| What you have to do |
Lines before the one containing "<b>IOS 12:</b> Den" are not copied; that line and every one after it, through the end of the material below, are printed exactly, without pictures.
§
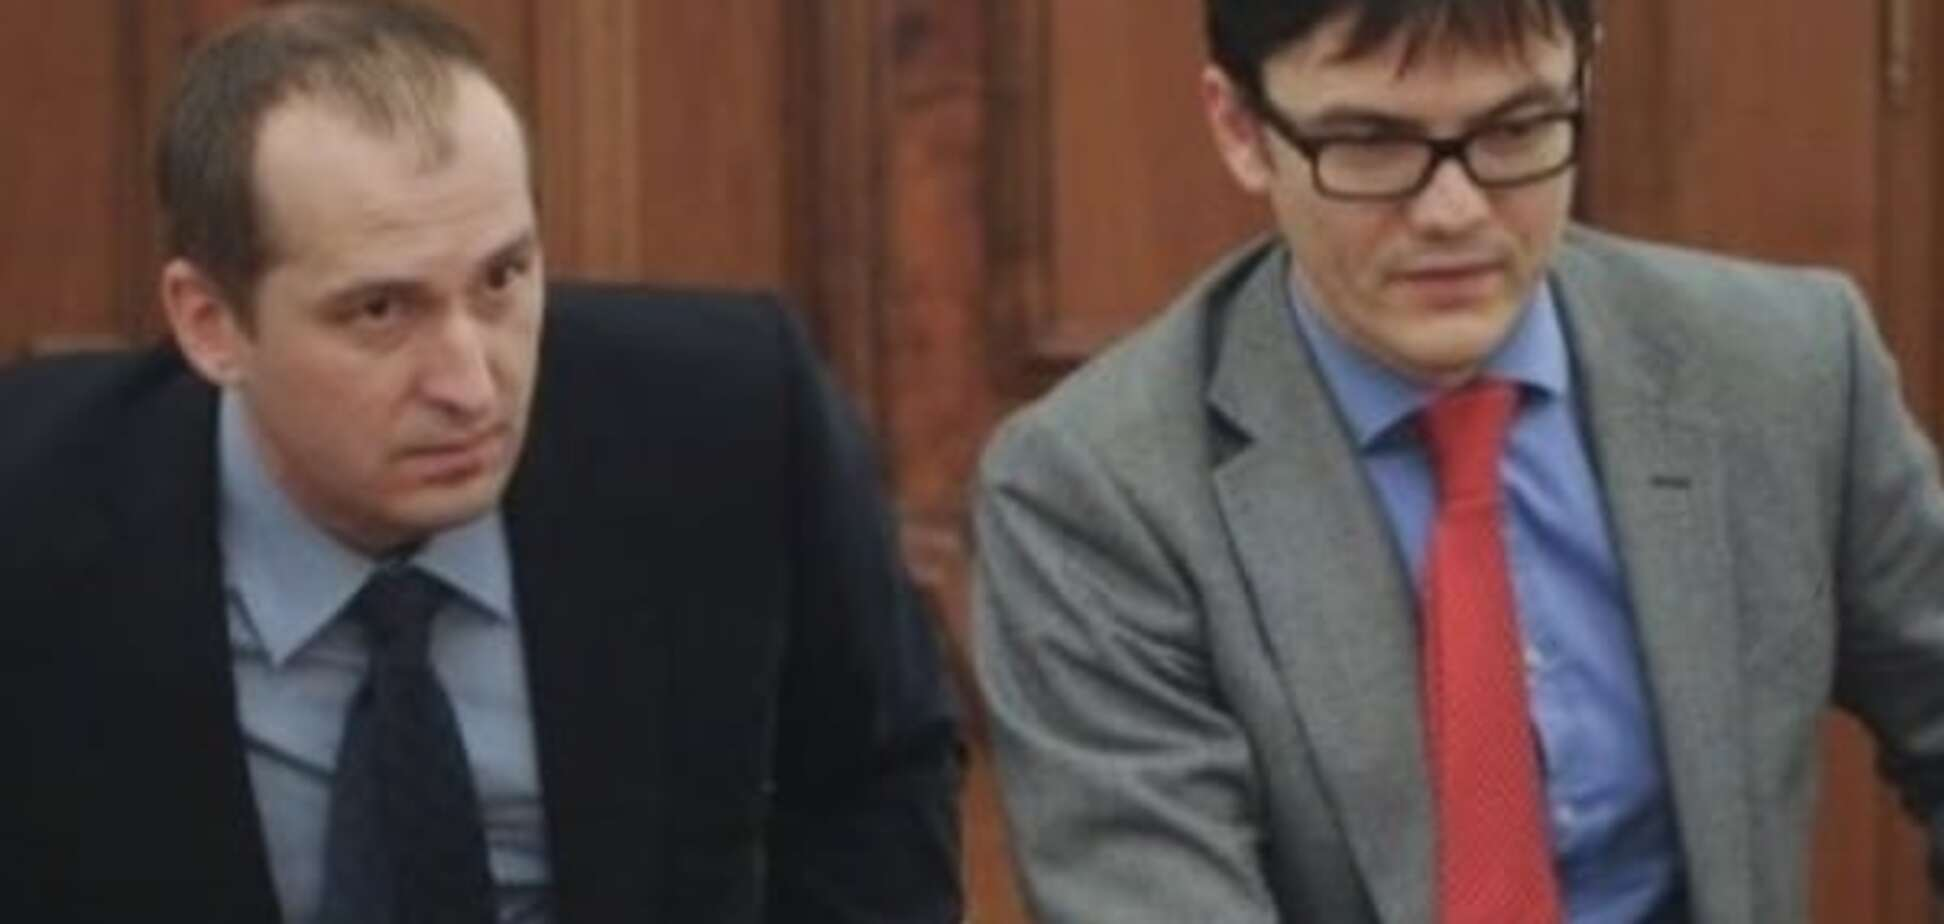 Профильные комитеты Рады признали работу двух министров Яценюка неудовлетворительной
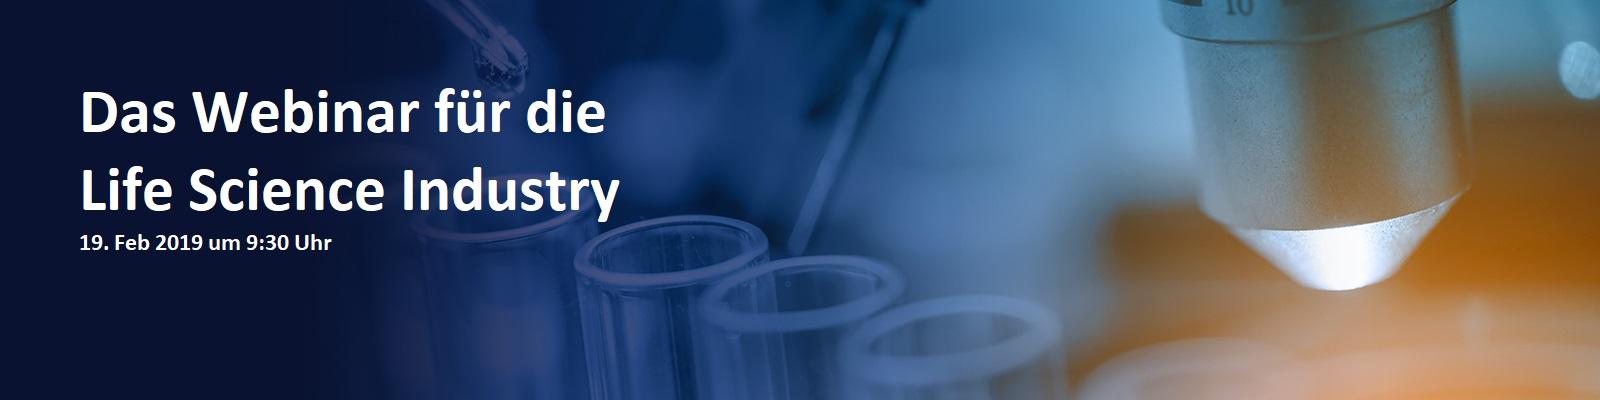 Supply Chain Digitalisierung für die Life Science Industry
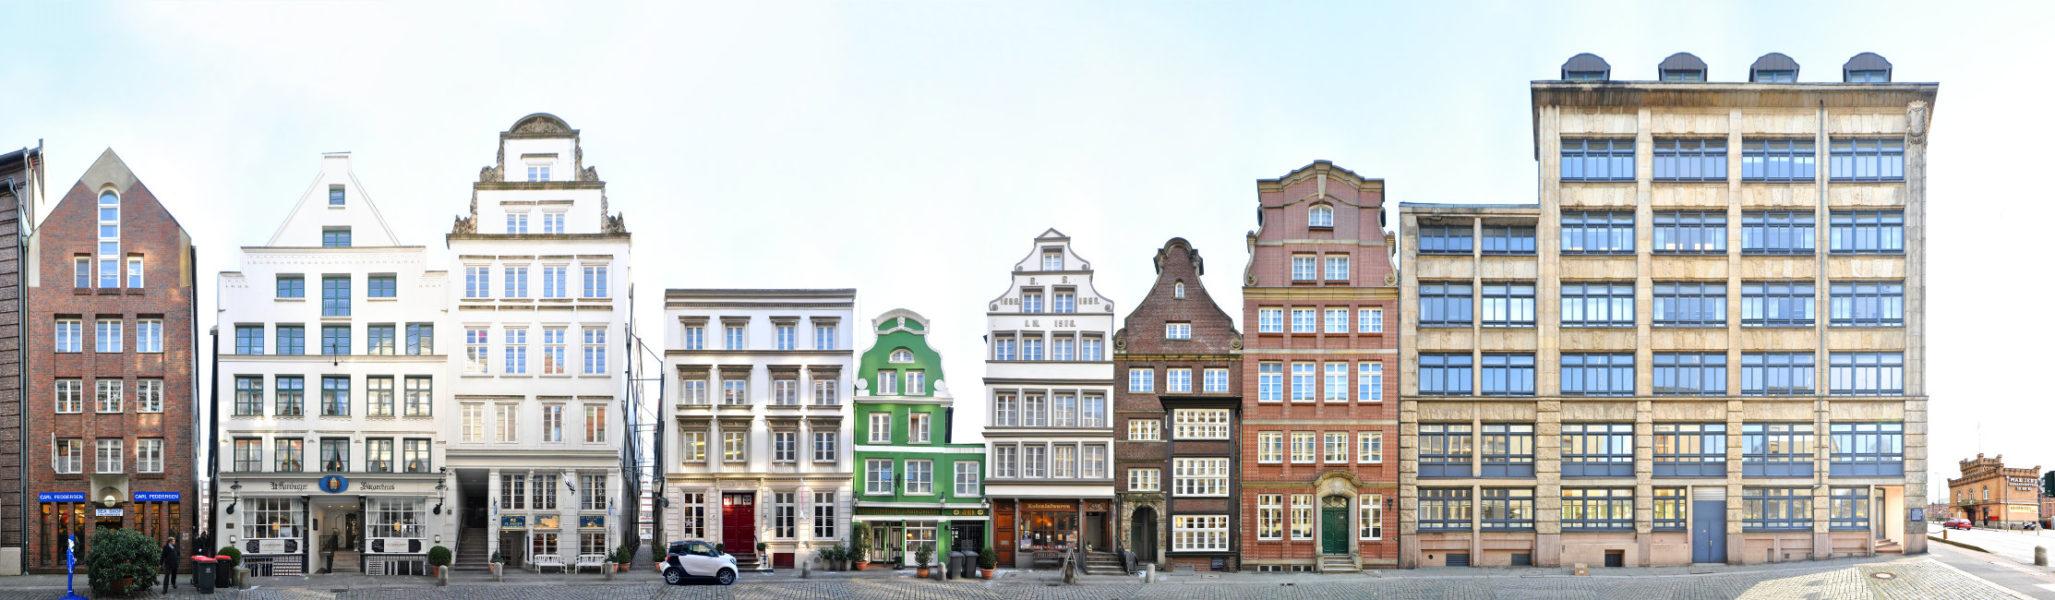 Deichstraße | Altstadt
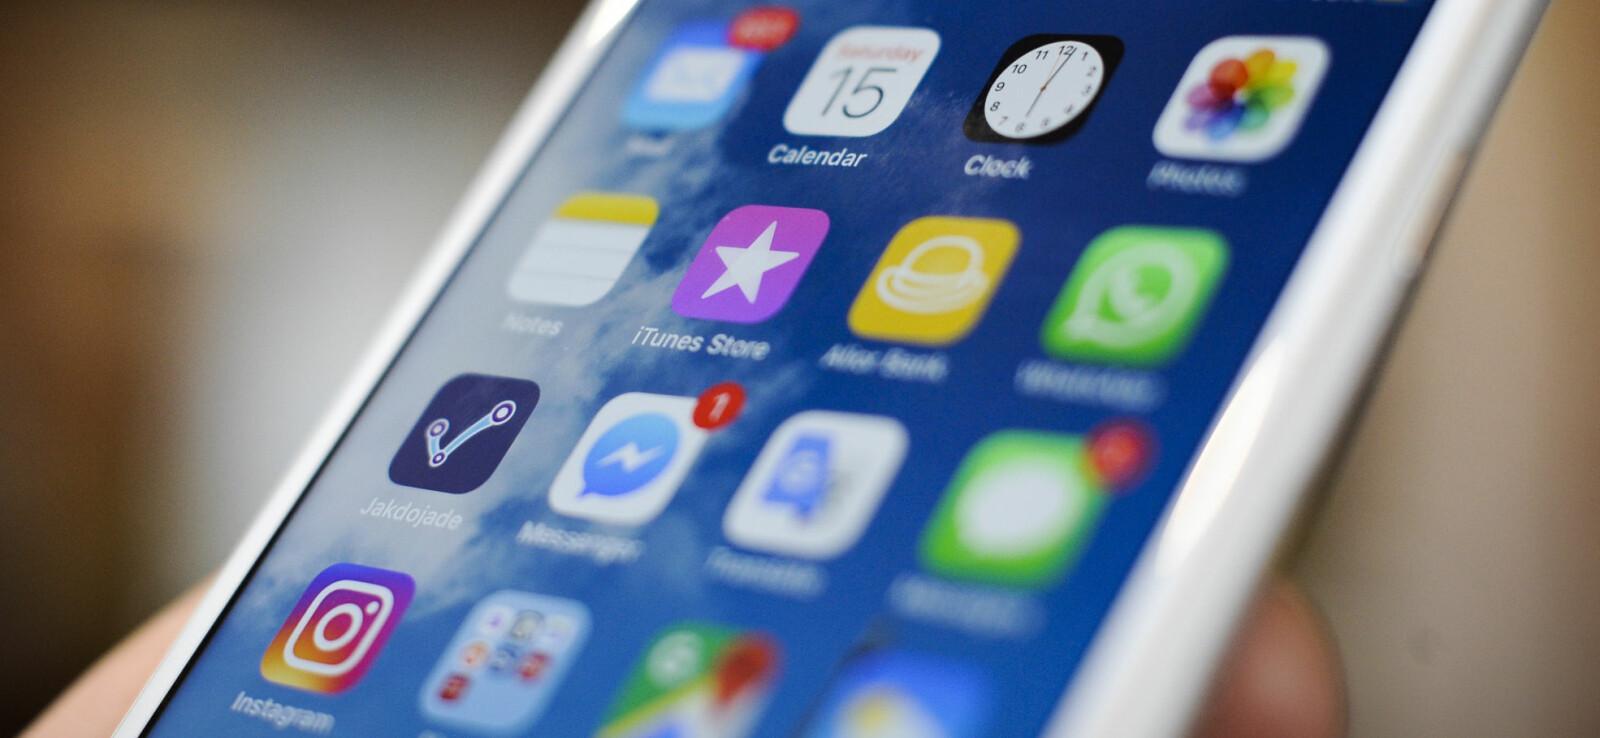 <b>IOS 12:</b> Den 17. september 2018 slippes iOS 12, Apples nye operativsystem til iPhone, iPad og iPod Touch. Bildet er en illustrasjon
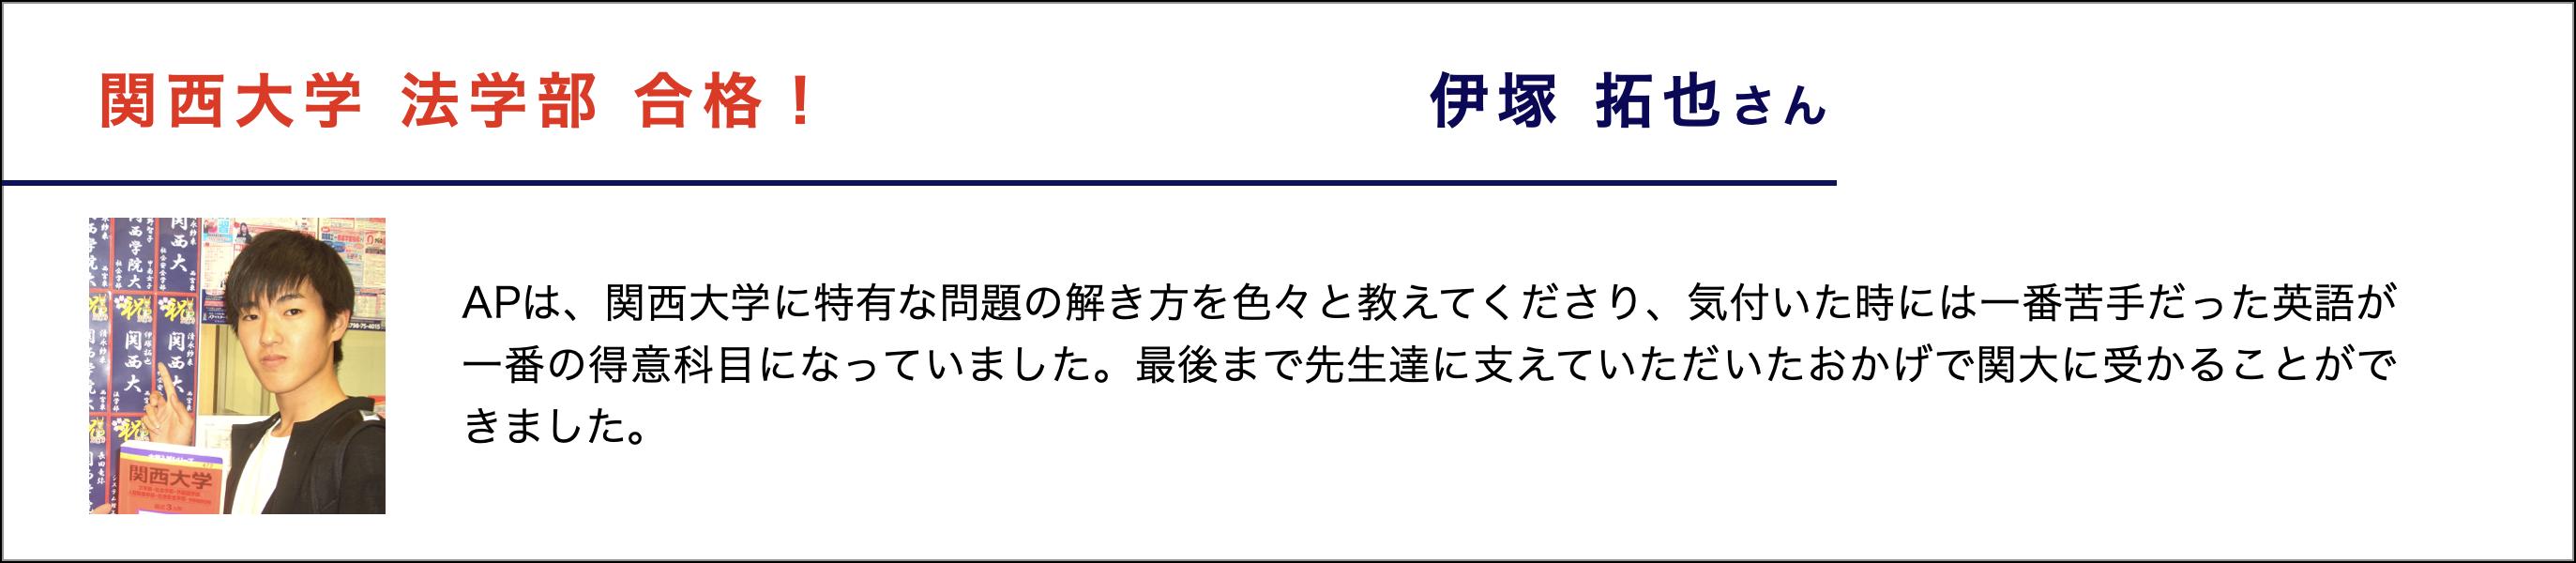 伊塚 拓也さん
§
| Answer for the task |
 <b>IOS 12:</b> Den 17. september 2018 slippes iOS 12, Apples nye operativsystem til iPhone, iPad og iPod Touch. Bildet er en illustrasjon
 伊塚 拓也さん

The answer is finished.